I have found that my friendships with women have carried me through some really difficult times. In graduate school I befriended a sweet woman who comforted and strengthened me as I struggled through a break-up with my now husband. She truly believed in me and often expressed freely how beautiful I was, giving me courage to stand on my own two feet when I just wanted to lie down and give up. A true friend!
When the birth of my second child didn't go as I had planned, another dear friend encouraged me continually and not once did she judge or criticize me in the decisions I made. She helped me to see that God's plan is far greater than mine and reminded me that He is in control. What a friend!
Somehow in the mix of getting married and starting a family, I let go of some bad friendships but also some golden ones. Children, a husband, and the keeping up of a household have been my excuses for not maintaining friendships with people I dearly cherish and love. Sadly, I have lost some good friends because I have not been able to see beyond my world. Alienation hurts, I know and am truly sorry.

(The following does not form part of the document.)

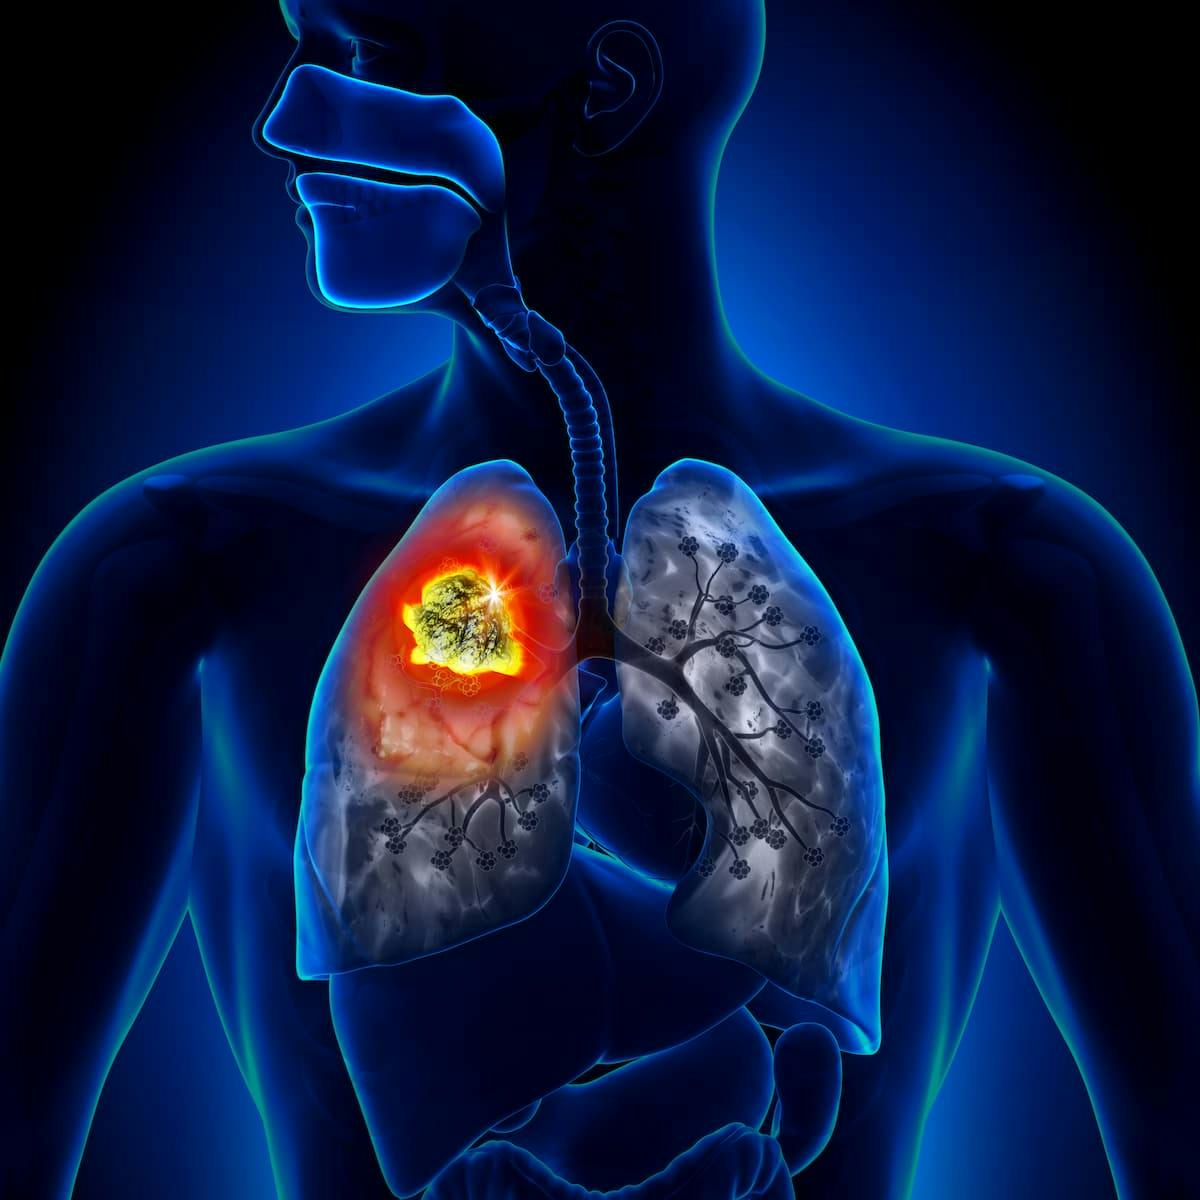 Pembrolizumab plus chemotherapy followed by resection and adjuvant pembrolizumab also appears to improve pathological responses in patients with non–small cell lung cancer.

Solomon taught that a true friend is loyal:
A friend loves at all times,-Proverbs 17:17
and a brother is born for adversity.
There are plenty of fair-weather friends who loves us only when our friendship benefits them. But a good friend is available to help out any time, no matter the cost.
Friendships require a lot of work, energy that I often don't have, and time that seems so precious and fleeting. But the benefits of true women friends are a blessing that cannot be denied. I know that one day this season of motherhood will pass, and then I will need those friends even more than I do now.
Until then, I would encourage you to take some steps with me to be a better friend:
(1) Call or send a card. Don't just shoot an e-mail or a text, although that would be a good start, but really take the time to reach out to your friend. She will appreciate your sacrifice.
(2) Be available. If your friend calls and needs advice or comfort, don't just let the phone go to your voice mail. Take it and give your friend the time she needs to vent, cry, or share her news. A true friend loves at all times, even in the middle of dinner.
(3) Pray. Know your friend's needs and longings and pray for her daily. Tell your friend you are praying for her. There is no greater feeling than to know someone is thinking about and praying for you.
How do you maintain key friendships despite the busyness of life? What are some other ways you reach out to your friends?